Right now AcousticBrainz is storing summary information to PostgreSQL as jsonb data. In order to run algorithms on audio we need to store frame-level data. This poses several challenges listed here: http://tickets.musicbrainz.org/browse/AB-101
The idea is to still generate aggregated summary data with Essentia streaming_extractor_music but also generate raw frame-level data and submit them together. PostgreSQL would still store JSON summary data but frame-level data would be stored in a faster and more space-efficient format (think protocol buffers). Those data would then be saved to Google’s BigTable storage so it can be queried later for analysis. It’s a key/value storage engine capable of supporting huge amounts of keys -> “These tables will grow at the rate of approximately 2 billion rows per day, which Cloud Bigtable can handle without difficulty.” Currently, the number of collected data is somewhere around 3.5 million songs.
Here is some info from their docs page:
- Each table has only one index, the row key. There are no secondary indices.
- Rows are sorted lexicographically by row key, from the lowest to the highest byte string
- In general, keep all information for an entity in a single row. An entity that doesn’t need atomic updates and reads can be be split across multiple rows. Splitting across multiple rows is recommended if the entity data is large (hundreds of MB).
The lexicographically sorted keys and the ability to index a large number of rows makes it ideal to store audio data. A similar example is given for server metrics data: https://cloud.google.com/bigtable/docs/schema-design-time-series#server_metrics
We can use the guidelines for server metrics data to design the db schema for AcousticBrainz data.
Before we can accomplish this we need support for frame-level data in streaming_extractor_music. I’m under the impression that the tool needs more work before releasing a new version so in order for this to work by the end of summer we need coordination between Essentia and AcousticBrainz webservice developers. Designing the BigTable schema and setting it up doesn’t have to wait for the tool.

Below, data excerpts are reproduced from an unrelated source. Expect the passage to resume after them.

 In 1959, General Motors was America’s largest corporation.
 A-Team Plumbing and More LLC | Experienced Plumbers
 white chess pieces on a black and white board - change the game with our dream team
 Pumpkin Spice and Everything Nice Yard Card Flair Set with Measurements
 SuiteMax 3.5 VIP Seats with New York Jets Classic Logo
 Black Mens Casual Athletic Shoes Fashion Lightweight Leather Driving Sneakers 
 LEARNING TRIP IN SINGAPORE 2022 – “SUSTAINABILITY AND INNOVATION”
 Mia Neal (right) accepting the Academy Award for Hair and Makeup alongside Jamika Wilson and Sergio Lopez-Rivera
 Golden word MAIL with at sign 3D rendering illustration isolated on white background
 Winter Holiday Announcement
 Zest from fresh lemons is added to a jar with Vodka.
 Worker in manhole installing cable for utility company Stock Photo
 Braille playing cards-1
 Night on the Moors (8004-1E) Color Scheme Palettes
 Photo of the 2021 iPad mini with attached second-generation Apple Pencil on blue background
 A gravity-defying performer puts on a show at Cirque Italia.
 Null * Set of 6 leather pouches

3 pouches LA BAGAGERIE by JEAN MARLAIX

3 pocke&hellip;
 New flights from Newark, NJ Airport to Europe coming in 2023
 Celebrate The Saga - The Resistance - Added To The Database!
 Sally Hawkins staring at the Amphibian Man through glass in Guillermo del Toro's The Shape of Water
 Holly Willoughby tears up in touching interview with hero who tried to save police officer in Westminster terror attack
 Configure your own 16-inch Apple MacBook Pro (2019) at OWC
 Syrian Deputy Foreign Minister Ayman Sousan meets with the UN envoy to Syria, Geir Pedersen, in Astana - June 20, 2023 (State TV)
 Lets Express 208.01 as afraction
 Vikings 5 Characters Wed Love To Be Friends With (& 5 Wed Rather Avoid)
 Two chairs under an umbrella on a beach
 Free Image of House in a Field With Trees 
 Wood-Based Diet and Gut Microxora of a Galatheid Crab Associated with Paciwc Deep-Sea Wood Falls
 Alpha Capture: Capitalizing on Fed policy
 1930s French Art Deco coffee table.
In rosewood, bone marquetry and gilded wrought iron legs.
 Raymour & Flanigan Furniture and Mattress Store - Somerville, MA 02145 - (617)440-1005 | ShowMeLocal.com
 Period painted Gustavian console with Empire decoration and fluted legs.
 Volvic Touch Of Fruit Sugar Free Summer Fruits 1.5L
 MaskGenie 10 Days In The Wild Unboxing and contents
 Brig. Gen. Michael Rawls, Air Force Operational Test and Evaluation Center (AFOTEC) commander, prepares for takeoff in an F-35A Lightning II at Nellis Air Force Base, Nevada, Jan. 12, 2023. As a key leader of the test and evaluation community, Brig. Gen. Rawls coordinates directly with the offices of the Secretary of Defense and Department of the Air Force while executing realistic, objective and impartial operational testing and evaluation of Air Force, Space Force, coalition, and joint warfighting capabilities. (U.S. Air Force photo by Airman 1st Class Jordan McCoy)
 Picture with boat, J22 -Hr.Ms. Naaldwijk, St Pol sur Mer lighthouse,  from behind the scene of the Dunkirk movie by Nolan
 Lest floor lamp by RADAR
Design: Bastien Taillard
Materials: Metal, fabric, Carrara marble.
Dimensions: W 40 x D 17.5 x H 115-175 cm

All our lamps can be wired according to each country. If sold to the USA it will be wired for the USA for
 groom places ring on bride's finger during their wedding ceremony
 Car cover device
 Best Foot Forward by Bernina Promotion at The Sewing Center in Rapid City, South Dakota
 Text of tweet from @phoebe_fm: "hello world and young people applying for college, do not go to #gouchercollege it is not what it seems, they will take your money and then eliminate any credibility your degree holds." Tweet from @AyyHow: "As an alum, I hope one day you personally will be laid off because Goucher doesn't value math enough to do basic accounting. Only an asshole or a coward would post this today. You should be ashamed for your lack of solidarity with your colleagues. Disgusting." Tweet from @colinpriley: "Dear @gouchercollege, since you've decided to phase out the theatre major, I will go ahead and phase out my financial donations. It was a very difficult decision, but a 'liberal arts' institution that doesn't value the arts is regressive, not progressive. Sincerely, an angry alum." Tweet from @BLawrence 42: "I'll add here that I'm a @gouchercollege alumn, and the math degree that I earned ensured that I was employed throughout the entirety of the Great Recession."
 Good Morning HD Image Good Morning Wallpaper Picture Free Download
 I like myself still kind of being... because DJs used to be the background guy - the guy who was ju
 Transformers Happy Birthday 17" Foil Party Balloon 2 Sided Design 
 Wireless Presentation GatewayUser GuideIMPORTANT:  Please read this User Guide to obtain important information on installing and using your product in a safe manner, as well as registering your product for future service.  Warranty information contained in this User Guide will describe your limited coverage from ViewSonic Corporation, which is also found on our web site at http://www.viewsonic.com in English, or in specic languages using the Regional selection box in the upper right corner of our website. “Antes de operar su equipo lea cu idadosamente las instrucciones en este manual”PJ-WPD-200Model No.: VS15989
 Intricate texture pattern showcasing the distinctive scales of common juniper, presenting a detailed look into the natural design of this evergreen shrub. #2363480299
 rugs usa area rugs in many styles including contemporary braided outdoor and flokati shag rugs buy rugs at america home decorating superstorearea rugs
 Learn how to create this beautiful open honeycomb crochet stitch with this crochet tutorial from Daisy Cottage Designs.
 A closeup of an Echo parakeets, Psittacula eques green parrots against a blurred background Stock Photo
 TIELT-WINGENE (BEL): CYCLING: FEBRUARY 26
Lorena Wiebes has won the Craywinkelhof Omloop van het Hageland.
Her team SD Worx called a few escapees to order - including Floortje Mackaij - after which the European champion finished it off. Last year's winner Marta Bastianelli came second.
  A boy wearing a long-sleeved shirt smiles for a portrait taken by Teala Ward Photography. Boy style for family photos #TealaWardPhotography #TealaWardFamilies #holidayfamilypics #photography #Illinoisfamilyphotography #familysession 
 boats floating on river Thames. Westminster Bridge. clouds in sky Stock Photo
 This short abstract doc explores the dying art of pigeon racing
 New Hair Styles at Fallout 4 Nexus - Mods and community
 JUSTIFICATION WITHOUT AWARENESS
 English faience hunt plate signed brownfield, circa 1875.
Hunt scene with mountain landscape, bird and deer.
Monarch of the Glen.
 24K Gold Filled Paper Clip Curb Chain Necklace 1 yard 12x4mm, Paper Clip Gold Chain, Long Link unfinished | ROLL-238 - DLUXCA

So the flow would go like this:
- Generate summary and frame-level JSON data with streaming_extractor_music
- Submit the data to the webservice
- Store summary data to postgres and frame-level data to the local storage in protobuf format and to BigTable
(Not sure when data should actually be converted to protobuf, maybe with streaming_extractor_music, maybe after upload, needs to be brainstormed)
- Efficiently fetch audio data frames from BigTable
- Do machine-learning magic
Think of this as a working draft for a GSOC proposal in the making if everyone is on board with the idea.
Any input or help with expanding this idea further?